Effects of cytisine (cy), 3-Bromocytisine (3-Br-cy), 5-bromocytisine (5-Br-cy) and 3,5-dibromocytisine (3,5-diBr-cy) on human (h) alpha7-, alpha4beta2- and alpha4beta4 nicotinic acetylcholine (nACh) receptors, expressed in Xenopus oocytes and cell lines, have been investigated. Cy and its bromo-isosteres fully inhibited binding of both [alpha-(125)I]bungarotoxin ([alpha-(125)I]BgTx) to halpha7- and [(3)H]cy to halpha4beta2- or halpha4beta4-nACh receptors. 3-Br-cy was the most potent inhibitor of both [alpha-(125)I]BgTx and [(3)H]cy binding. Cy was less potent than 3-Br-cy, but 5-Br-cy and 3,5-diBr-cy were the least potent inhibitors. Cy and 3-Br-cy were potent full agonists at halpha7-nACh receptors but behaved as partial agonists at halpha4beta2- and halpha4beta4-nACh receptors. 5-Br-cy and 3,5-diBr-cy had low potency and were partial agonists at halpha7- and halpha4beta4-nACh receptors, but they elicited no responses on halpha4beta2-nACh receptors. Cy and 3-Br-cy produced dual dose-response curves (DRC) at both halpha4beta2- and halpha4beta4-nACh receptors, but ACh produced dual DRC only at halpha4beta2-nACh receptors. Low concentrations of cy, 3-Br-cy and 5-Br-cy enhanced ACh responses of oocytes expressing halpha4beta2-nACh receptors, but at high concentrations they inhibited the responses.
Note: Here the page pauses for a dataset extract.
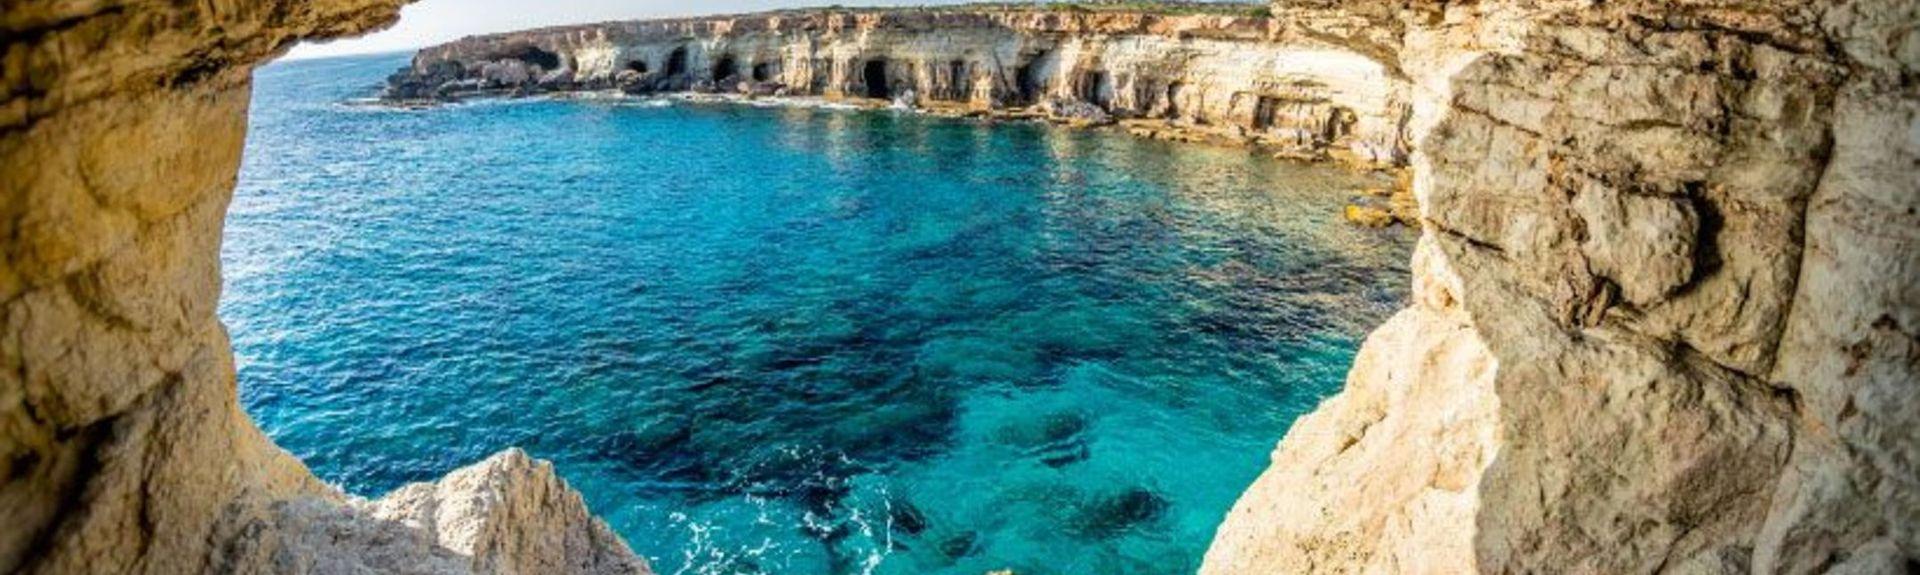 Ayia Thekla, Sotira, Distrito de Famagusta, Chipre

In contrast, 3,5-diBr-cy only inhibited, in a competitive manner, ACh responses of halpha4beta2-nACh receptors. It is concluded that bromination of the pyridone ring of cy produces marked changes in effects of cy that are manifest as nACh receptor subtype-specific differences in binding affinities and in functional potencies and efficacies.